Task directions:
Count the lines in the data below where the string "Europa" occurs, please, and give the number alone.

Record set:
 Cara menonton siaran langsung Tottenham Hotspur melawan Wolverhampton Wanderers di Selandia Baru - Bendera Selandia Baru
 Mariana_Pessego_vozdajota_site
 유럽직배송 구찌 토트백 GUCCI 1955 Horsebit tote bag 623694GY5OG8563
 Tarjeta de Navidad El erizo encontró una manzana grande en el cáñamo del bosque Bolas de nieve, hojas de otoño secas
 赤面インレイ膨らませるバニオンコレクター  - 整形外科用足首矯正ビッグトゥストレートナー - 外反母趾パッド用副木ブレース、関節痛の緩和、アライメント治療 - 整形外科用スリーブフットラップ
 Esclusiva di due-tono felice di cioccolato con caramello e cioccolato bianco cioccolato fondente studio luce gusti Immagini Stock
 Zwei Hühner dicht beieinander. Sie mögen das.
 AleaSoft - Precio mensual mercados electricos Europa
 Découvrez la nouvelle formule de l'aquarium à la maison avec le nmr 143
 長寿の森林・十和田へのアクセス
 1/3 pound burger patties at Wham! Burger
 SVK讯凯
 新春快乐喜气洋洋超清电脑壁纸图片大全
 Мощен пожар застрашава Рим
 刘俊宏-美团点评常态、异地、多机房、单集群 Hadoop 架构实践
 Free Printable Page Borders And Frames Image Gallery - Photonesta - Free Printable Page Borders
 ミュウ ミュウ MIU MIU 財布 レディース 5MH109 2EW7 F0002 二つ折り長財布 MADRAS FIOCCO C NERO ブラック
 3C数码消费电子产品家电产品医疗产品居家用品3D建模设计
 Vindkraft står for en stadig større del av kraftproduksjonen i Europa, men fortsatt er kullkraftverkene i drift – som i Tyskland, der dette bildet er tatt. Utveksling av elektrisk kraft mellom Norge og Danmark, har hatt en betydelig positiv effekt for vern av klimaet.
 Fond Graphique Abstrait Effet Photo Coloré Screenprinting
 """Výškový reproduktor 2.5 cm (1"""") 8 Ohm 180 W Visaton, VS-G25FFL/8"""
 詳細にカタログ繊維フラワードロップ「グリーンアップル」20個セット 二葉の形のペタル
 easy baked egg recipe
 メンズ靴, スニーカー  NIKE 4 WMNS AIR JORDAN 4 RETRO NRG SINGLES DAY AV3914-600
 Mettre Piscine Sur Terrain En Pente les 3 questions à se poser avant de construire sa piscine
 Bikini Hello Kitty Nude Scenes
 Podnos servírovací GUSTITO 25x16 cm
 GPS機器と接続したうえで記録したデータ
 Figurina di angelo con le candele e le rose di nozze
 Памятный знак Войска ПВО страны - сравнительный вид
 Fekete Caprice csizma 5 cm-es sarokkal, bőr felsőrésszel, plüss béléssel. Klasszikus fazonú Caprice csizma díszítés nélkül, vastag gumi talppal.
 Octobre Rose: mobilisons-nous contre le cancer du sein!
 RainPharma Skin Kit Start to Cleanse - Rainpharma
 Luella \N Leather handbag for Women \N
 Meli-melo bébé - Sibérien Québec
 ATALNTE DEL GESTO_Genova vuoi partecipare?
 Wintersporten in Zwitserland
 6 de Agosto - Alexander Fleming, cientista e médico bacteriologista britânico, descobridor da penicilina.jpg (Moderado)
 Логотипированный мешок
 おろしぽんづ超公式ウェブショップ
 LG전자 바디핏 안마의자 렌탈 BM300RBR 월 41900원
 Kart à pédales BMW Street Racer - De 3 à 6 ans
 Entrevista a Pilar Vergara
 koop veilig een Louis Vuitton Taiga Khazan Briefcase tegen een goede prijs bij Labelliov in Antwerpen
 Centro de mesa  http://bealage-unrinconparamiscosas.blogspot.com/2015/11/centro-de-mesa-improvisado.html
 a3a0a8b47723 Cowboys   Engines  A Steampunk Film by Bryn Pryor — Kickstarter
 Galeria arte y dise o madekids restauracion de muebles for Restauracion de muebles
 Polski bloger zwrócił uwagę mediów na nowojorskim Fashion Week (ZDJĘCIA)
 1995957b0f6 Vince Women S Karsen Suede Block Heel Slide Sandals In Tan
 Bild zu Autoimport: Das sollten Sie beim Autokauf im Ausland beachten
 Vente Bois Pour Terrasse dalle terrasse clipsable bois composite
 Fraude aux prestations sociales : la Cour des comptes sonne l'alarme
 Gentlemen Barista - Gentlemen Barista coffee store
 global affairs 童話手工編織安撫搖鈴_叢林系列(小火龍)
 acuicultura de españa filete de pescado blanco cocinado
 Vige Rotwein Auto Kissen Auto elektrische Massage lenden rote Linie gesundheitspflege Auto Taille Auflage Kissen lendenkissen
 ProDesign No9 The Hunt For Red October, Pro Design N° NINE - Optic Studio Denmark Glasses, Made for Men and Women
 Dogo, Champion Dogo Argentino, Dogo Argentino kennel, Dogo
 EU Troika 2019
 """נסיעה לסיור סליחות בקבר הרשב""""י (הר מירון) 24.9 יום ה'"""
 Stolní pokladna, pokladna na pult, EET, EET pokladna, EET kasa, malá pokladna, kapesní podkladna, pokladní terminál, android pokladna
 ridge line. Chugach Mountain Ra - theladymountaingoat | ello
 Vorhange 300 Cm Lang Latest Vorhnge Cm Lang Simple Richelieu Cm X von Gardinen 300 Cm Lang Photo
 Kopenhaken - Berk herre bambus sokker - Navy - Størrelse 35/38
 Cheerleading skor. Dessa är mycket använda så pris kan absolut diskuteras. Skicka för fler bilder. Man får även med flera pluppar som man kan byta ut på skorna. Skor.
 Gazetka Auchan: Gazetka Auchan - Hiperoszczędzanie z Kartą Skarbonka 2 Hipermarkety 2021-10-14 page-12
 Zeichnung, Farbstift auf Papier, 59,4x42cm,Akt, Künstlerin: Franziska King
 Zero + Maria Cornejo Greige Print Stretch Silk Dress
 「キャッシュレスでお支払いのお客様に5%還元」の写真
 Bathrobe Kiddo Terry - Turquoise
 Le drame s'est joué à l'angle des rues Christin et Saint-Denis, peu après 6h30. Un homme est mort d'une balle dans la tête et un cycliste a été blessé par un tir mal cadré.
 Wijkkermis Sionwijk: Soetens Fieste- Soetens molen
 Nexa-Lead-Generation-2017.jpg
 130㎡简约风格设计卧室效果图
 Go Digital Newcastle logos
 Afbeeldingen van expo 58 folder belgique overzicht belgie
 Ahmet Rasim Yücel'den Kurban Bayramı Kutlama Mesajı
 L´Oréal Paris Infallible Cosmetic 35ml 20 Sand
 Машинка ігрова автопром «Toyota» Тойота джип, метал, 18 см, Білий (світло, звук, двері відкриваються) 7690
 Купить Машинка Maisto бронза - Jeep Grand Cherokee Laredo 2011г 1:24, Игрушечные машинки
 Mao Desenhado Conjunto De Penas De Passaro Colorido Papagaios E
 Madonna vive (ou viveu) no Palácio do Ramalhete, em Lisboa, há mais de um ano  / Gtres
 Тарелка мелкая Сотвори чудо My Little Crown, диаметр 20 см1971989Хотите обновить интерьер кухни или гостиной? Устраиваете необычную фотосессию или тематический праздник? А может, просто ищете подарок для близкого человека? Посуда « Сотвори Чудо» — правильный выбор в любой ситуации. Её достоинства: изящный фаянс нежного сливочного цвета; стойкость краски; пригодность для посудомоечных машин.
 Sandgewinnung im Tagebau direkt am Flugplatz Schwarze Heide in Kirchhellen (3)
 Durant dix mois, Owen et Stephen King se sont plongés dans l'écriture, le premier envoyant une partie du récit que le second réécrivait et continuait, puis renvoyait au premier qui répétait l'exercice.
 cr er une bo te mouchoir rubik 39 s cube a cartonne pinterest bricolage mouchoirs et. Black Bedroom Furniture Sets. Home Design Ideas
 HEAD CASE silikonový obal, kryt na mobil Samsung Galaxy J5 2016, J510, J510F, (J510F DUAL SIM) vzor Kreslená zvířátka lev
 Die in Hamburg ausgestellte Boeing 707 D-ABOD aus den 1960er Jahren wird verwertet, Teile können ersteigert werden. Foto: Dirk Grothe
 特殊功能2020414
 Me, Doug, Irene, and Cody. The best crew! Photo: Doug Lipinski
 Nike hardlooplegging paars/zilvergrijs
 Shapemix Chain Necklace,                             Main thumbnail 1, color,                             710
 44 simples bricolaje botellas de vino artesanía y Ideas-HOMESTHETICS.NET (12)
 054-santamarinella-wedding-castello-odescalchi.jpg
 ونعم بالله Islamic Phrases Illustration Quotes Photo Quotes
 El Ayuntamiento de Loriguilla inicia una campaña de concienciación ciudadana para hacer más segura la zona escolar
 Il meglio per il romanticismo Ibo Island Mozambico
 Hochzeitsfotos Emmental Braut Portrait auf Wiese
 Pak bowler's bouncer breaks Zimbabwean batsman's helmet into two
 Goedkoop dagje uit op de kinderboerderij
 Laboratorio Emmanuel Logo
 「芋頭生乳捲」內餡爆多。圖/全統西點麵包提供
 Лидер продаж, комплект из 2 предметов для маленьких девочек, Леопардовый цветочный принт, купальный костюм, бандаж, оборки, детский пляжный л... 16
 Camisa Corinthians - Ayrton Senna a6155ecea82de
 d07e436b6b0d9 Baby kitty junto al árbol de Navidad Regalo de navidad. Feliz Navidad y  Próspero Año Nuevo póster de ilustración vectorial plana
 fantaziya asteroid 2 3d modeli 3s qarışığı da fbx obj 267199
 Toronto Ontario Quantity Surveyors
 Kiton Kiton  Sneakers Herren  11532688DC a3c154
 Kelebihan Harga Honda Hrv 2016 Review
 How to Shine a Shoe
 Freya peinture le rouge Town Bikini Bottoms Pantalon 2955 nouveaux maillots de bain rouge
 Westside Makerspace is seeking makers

Worked solution:
2